Items from a data source:

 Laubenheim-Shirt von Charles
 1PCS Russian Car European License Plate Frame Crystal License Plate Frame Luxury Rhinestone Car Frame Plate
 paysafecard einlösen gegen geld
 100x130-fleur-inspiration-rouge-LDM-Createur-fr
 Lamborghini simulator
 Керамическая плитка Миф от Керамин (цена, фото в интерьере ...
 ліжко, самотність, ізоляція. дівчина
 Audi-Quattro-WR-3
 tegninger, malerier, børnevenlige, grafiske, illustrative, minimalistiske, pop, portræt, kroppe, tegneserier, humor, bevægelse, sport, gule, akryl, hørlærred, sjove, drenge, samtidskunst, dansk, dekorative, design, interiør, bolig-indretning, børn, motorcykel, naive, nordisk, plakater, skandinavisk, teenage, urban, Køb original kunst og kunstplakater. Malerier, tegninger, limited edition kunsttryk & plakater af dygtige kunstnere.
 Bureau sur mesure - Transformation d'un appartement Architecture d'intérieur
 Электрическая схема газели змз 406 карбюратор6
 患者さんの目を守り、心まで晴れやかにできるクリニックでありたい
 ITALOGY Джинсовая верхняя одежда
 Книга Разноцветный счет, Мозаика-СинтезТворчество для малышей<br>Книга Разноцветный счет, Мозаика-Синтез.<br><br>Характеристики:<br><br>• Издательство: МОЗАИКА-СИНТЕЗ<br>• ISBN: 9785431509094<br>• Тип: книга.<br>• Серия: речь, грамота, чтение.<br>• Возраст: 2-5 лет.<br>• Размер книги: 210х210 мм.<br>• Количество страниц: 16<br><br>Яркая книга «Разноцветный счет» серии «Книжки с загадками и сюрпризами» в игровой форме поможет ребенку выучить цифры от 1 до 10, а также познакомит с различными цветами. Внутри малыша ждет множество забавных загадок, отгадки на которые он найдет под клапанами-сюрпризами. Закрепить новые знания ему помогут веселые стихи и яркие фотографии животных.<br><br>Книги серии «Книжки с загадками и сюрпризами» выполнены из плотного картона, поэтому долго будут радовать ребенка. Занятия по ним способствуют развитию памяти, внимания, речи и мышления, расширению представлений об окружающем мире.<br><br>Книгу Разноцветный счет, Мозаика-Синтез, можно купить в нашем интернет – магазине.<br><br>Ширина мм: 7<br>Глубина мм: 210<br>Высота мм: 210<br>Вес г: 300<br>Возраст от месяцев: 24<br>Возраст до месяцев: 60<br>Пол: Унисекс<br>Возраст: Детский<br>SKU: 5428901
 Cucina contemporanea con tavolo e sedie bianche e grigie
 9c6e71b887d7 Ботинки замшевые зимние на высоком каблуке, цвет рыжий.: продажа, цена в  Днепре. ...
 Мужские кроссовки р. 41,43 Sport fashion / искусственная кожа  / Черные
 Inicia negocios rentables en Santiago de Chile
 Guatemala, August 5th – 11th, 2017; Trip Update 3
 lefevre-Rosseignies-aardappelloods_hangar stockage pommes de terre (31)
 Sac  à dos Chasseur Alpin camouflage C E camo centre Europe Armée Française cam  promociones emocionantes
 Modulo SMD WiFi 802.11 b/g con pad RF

### What the exercise asks
Every line above that holds the word "цена" is to be found and copied.

### Task output
 Керамическая плитка Миф от Керамин (цена, фото в интерьере ...
 9c6e71b887d7 Ботинки замшевые зимние на высоком каблуке, цвет рыжий.: продажа, цена в  Днепре. ...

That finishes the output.